Synthetic Data: Privacy vs Utility

Guest post by Dr Debbie Rankin and Dr Michaela Black from Ulster University

Synthetic data, also known as artificial data, is data that is simulated from real data using statistical models in order to represent the population, preserving the accuracy of the model, whilst avoiding any divulgence of real person data, private data or data with ethical sensitivity.

The amount of health-related patient data being collected is ever increasing. This data is vital for life saving research in the prevention and treatment of disease, informing effective health care policies, development of personalised medicine, and to support healthy lifestyles. Whilst patient data is invaluable, it is also sensitive, personally identifiable information. Therefore, it is of utmost importance that the privacy of individuals is protected.

As a result there are, understandably, huge barriers to accessing health care data for serious research. Data can be used in the positive ways described; however, it can also be used in ways that we may perceive to be negative, for example, we may not want to be identified as having a certain medical condition for privacy reasons. In addition, what if our data is in some way used against us?

Synthetic data is one solution under investigation as a means to enable important health-related research to be undertaken, whilst also ensuring privacy. The healthcare industry has the potential to benefit significantly from synthetic data.
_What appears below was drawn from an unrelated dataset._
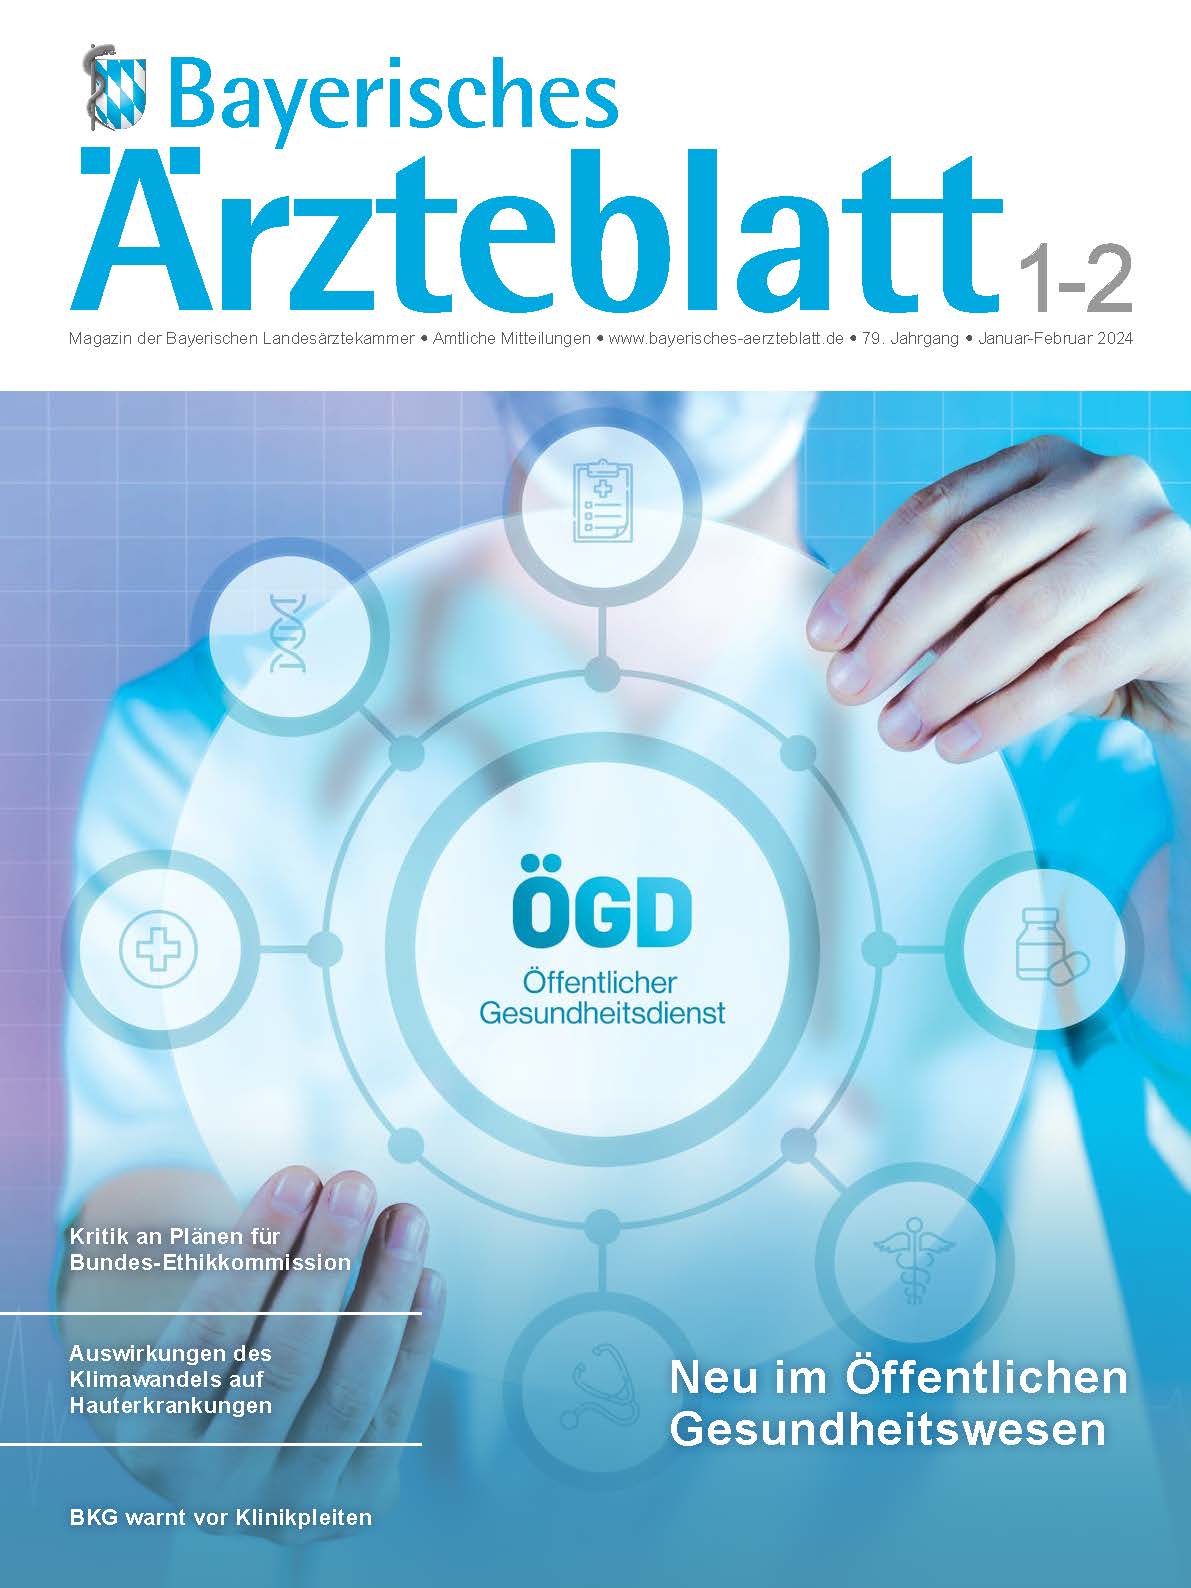 Neue Ausgabe des Bayerischen Ärzteblatts ist erschienen

Synthetic data created with similar statistical properties to the real data, and therefore representative of the real data, can allow accurate data analysis to be carried out without the concern of disclosing sensitive information to the public. Governance and confidentiality issues are avoided since real patient data is not disclosed.

In the MIDAS project we are investigating the synthesis of data using a variety of techniques and comparing their results. We will analyse the tradeoff between data safety (disclosure risk) and data utility (based on information loss). When data is synthesised, we must ensure the risk of disclosing sensitive data is minimised, whilst also preserving the analytical validity and hence utility of the data. To produce synthetic data we must accurately model the real data, preserving patterns and relationships. The model is then sampled from to build synthetic data. We can then validate the approach by comparing the results of analysing the real data versus the synthetic data. Methods of evaluating and verifying that the synthetic data is safe to release to the public will also be investigated.
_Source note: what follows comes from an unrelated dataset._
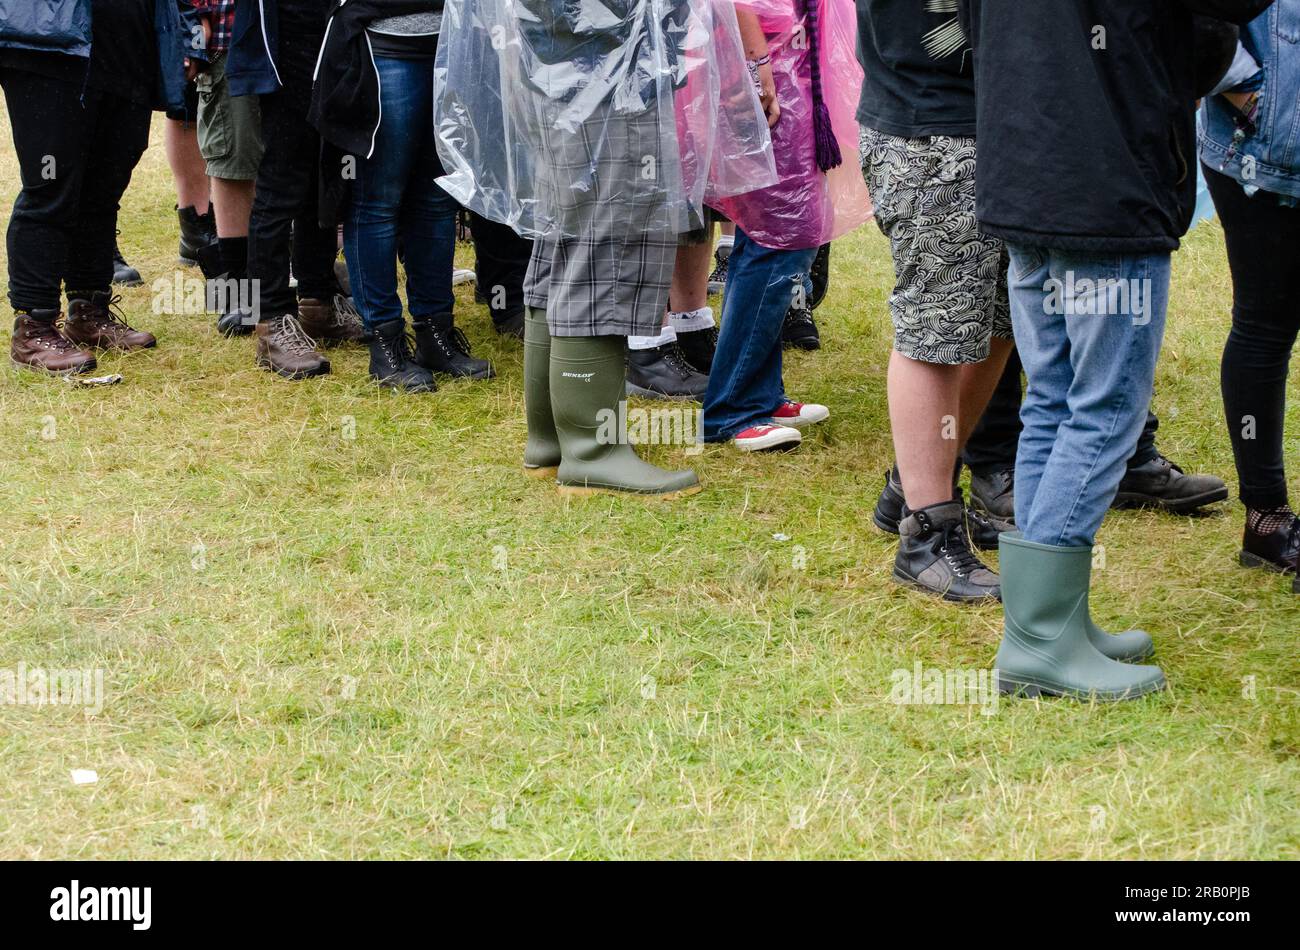 Les fans de rock font la queue au festival de rock Sonisphere à Knebworth, Hertfordshire, Royaume-Uni. Événement extérieur par temps humide. L'été humide Banque D'Images

MIDAS hopes to prove that synthetic data is a robust and convincing alternative to real data in health-related research. MIDAS aims to instil confidence in data owners and users of the analytical validity and data safety of synthetic data by providing empirical evidence of its feasibility.
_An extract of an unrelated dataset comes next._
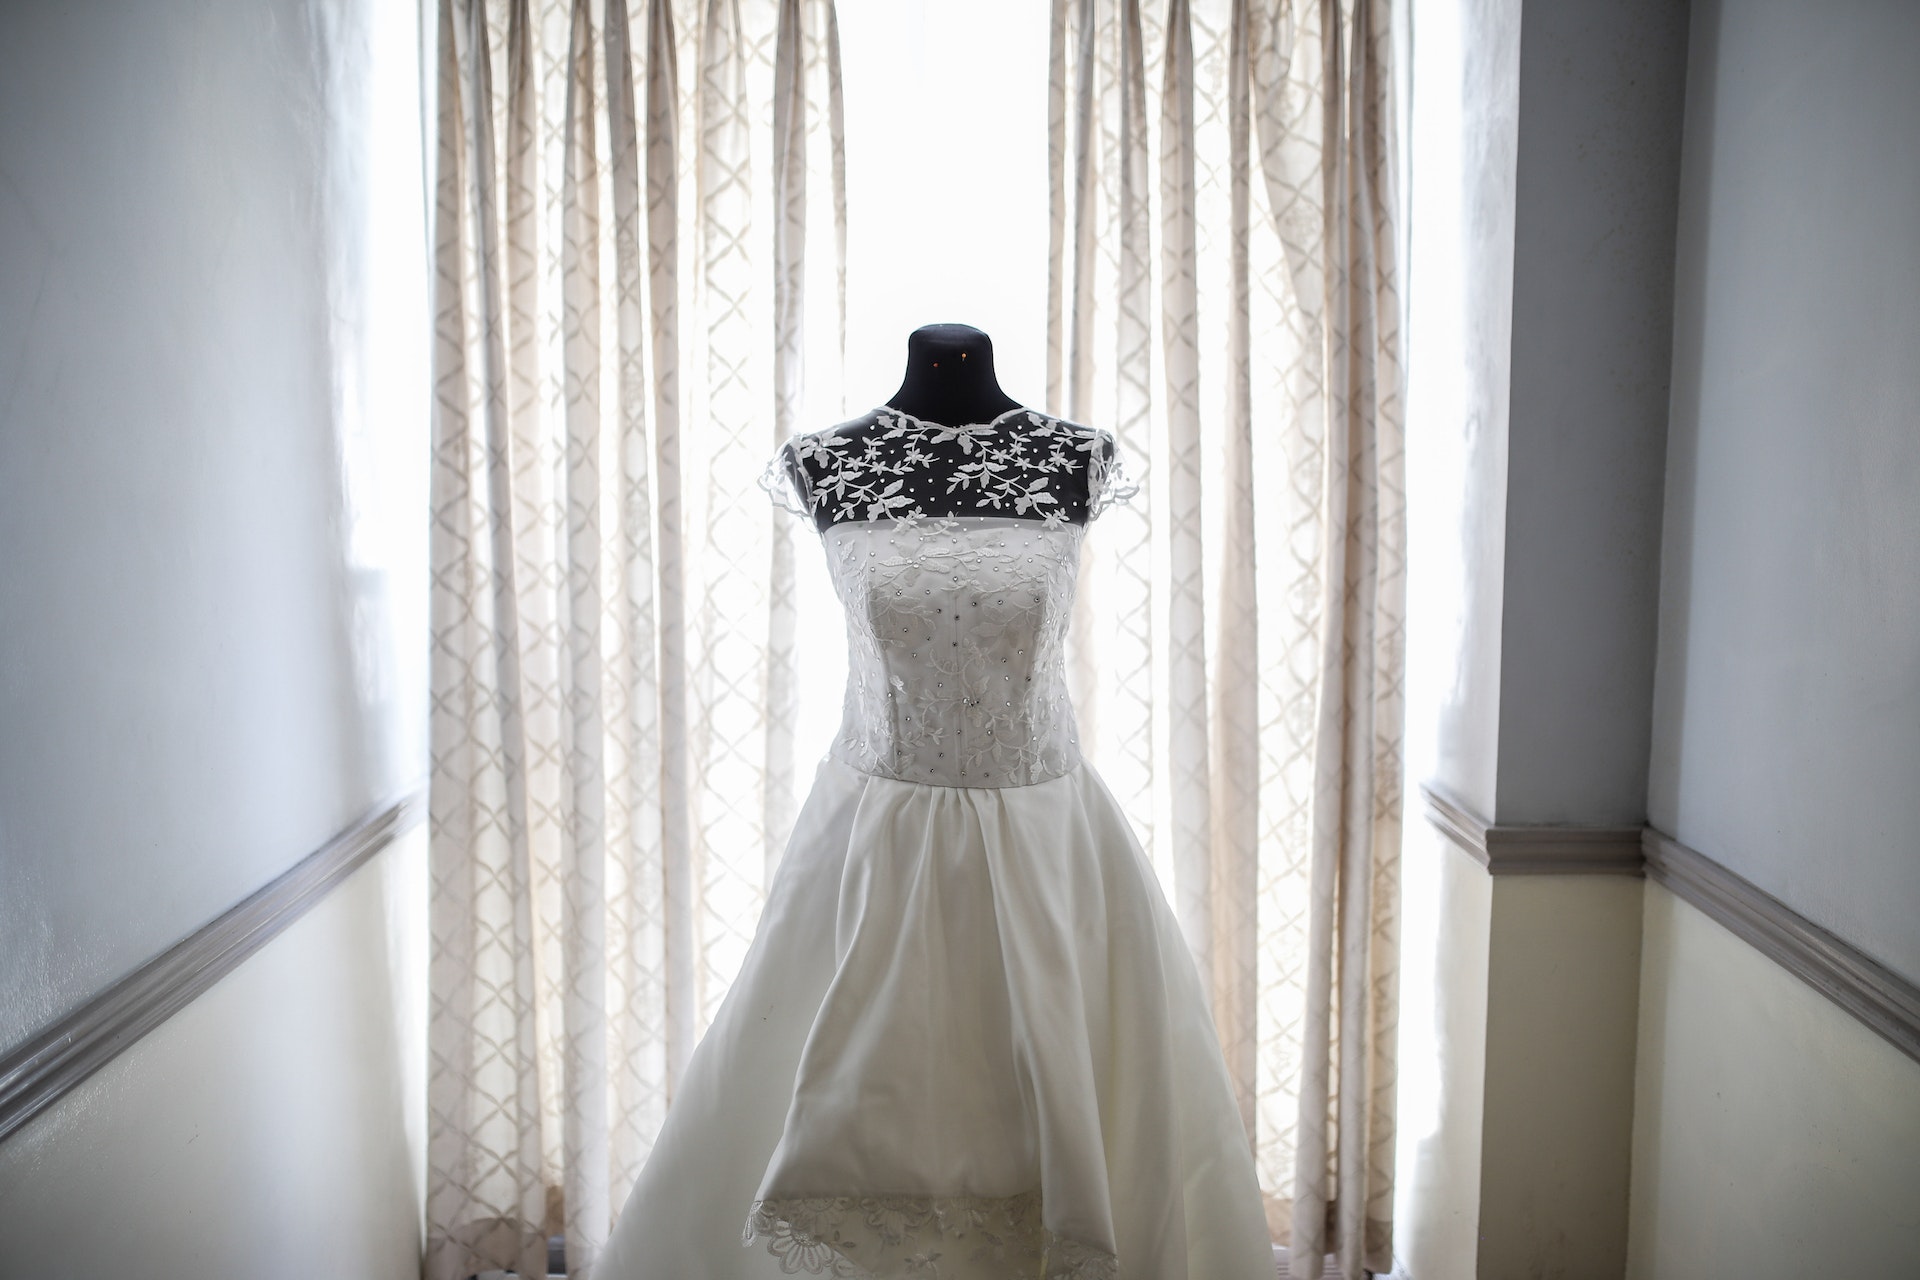 A white bridal dress | Source: Pexels

Within MIDAS this task is experimental in nature, in that we will work with members of our Policy Board, which includes governmental health care institutions, to determine the viability of releasing synthetic data as open data or by making it remotely available via a safe haven.

If it is possible, agreeable and legal, we will look to exploit the use of these synthetic datasets for a number of activities including sharing data across countries to help inform policy making decisions at a European level, and releasing open synthetic data to researchers and for student competitions which will provide further potential impact for the project.